When Scott Cecil wound up facing a felony charge for possessing marijuana for his own use, he started to think the so-called war on drugs was targeting the wrong people.
“It really made me realize there are hundreds of thousands of people per year that are arrested for marijuana and other drugs,” he said. “They haven’t committed any violent crimes, they aren’t selling drugs, they’re just using drugs recreationally.”
Cecil, a student at Mesa Community College and board member of Students for Sensible Drug Policy, is part of a larger movement to legalize marijuana in Arizona. He and other activists with Safer Arizona, a grassroots marijuana advocacy group, are trying to collect enough signatures to put a legalization initiative on the November ballot.
Dennis Bohlke, treasurer for Safer Arizona, said Arizona would be a safer place if marijuana were legalized.
“We think it’s safer than alcohol, and we find it outrageous that people are being jailed and being labeled as felons,” he said.
But is Arizona, several years removed from narrowly approving medical marijuana, ready to follow the lead of Colorado and Washington by legalizing recreational use?

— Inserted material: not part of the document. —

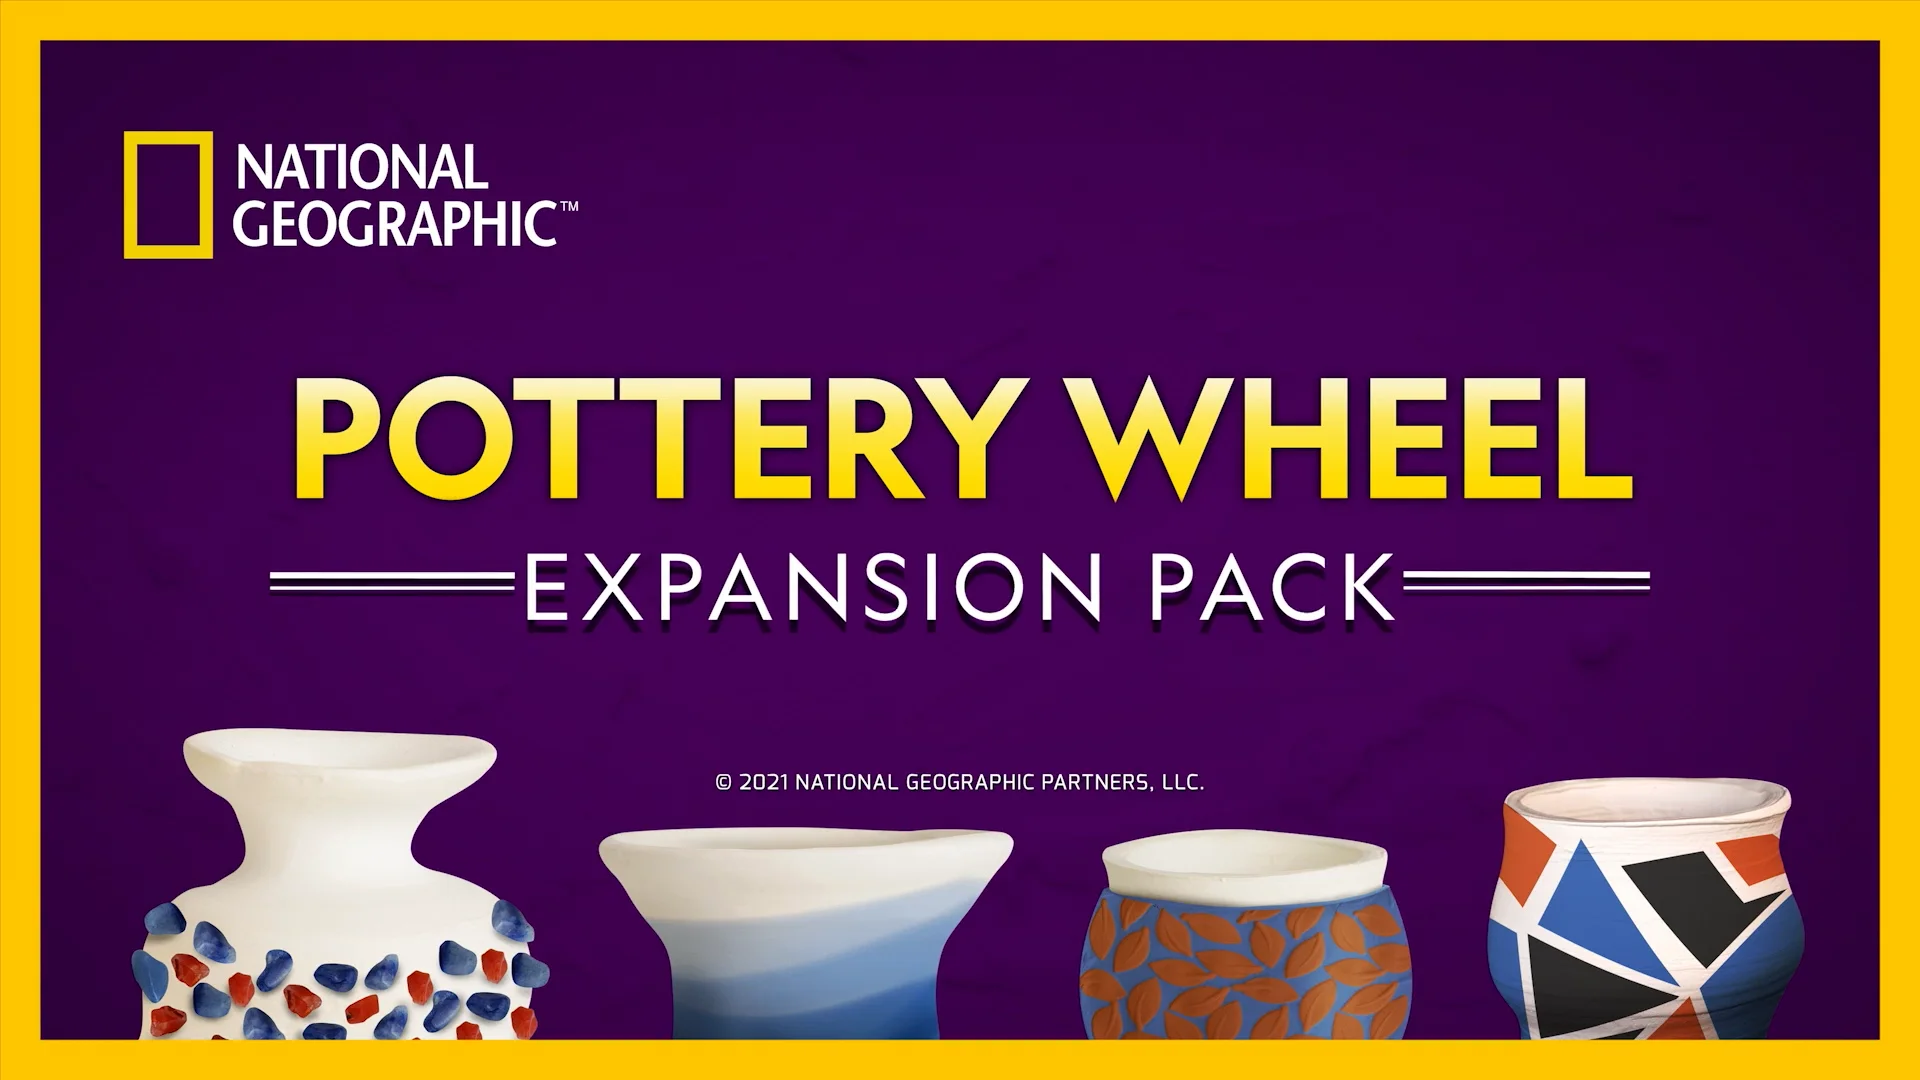 National Geographic - Pottery Wheel Expansion Pack on Vimeo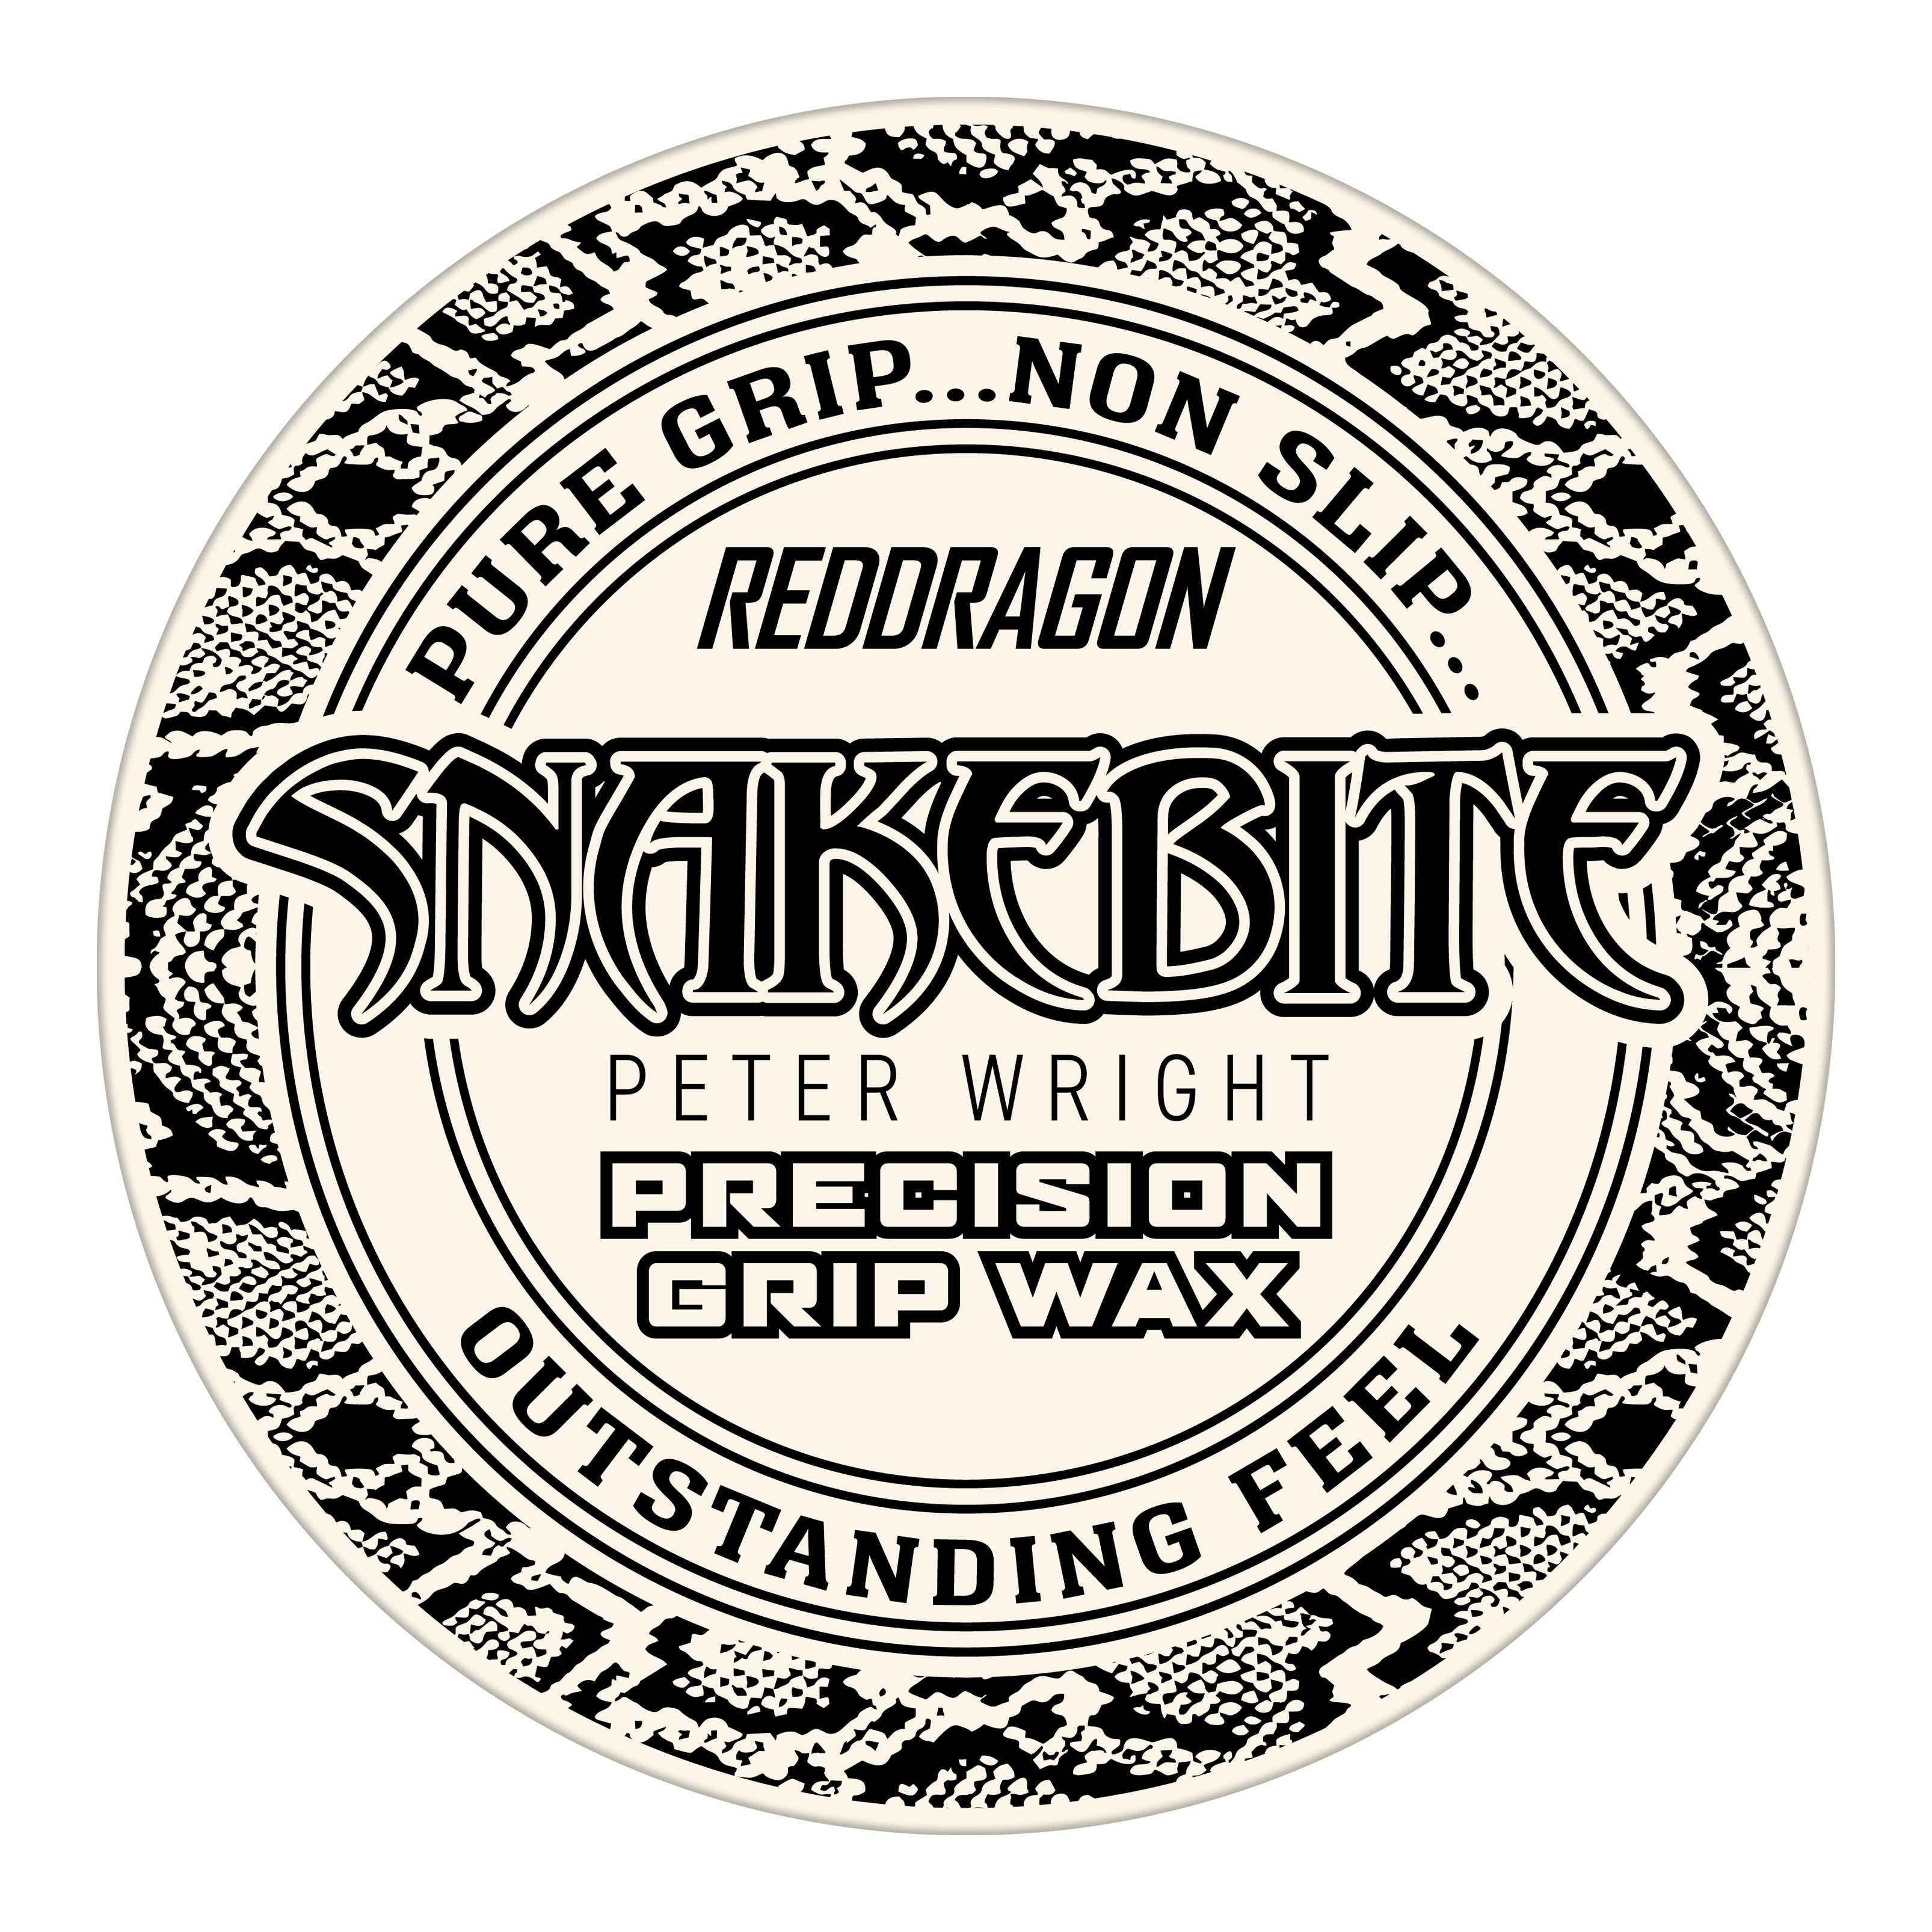 Red Dragon Peter Wright Snakebite Precision Grip Wax finger wax

Fred Solop, a political science professor at Northern Arizona University, said there may be more support out there than many would assume.
“I’ve always said that Arizona is a lesson in contradictions,” he said. “We know that some issues that are aligned ideologically in other parts of the country, like the environment, cut across some of those traditional ideological boundaries in Arizona. And I think depending on the framing, the marijuana issue cuts across those traditional cleavages as well.”
He said changing views on legalization speak to a culture change nationally.
“Just like gay marriage – the issue of gay marriage is changing nationally – we’re seeing changes in attitudes toward the legalization of marijuana,” Solop said. “It’s a national phenomenon, and it’s coming here to Arizona.”
A January poll by the Behavior Research Center found that 51 percent of Arizonans surveyed said the sale of marijuana should be legal, while 41 percent were against the idea.
That same month a national CNN/Opinion Research Poll found that 55 percent of those surveyed said marijuana should be legal while 44 percent were against it.
The notion of legalization reached the Arizona State Legislature this year, though two Democratic bills on the subject have gone nowhere.
HB 2474, introduced by Rep. Mark A. Cardenas, D-Phoenix, would make marijuana possession a petty offense. HB 2558, introduced by Rep. Ruben Gallego, D-Phoenix, would legalize the recreational use of marijuana.
Gallego said drug war has failed and that recreational use of marijuana is no different than drinking alcohol.
“If we really want to stop addiction and the drug cartels then we have to look at this and fight this in a different way,” he said.
Gallego said marijuana will eventually be legalized, most likely through a ballot initiative.
Maricopa County Attorney Bill Montgomery said trying to follow Colorado and Washington’s lead so soon wouldn’t be smart.
“It’s a reckless policy, and it’s born either out of ignorance or indifference to the impact to the community and to our youth and public safety,” he said.
Montgomery said claims that legalizing marijuana wouldn’t harm the community are false.
“It’s going to impact quality of life, health care, economic competitiveness and labor productivity in the long run,” he said.
Tony Ryan, a retired Denver police officer and member of Law Enforcement Against Prohibition, said he never had a problem with marijuana users in his 36 years in law enforcement. He now lives in Arizona.
“We didn’t get calls about somebody getting high and beating up their wife like happens with alcohol,” he said. “Marijuana people don’t cause trouble.”
But Carolyn Short, chairwoman for Keep AZ Drug Free, said legalizing marijuana would give kids the idea that marijuana is safe when medical studies indicate that it isn’t.
“We know that marijuana use is associated with schizophrenia, respiratory disease, cardiac disease and both temporary and long-term decreased brain function,” she said.
Safer Arizona has until July 3 to get the 259,213 signatures needed to get marijuana legalization on this year’s ballot. If it fails, the Washington, D.C.-based Marijuana Policy Project, which was behind the effort to bring medical marijuana to Arizona, is gearing up for campaign here in 2016, when a presidential election will boost voter turnout.
Whether legalization is on the ballot this year or in 2016, Cecil said he will keep advocating for the recreational use of the drug.
“Somebody has to be the voice of reason and the voice of what voters want,” he said.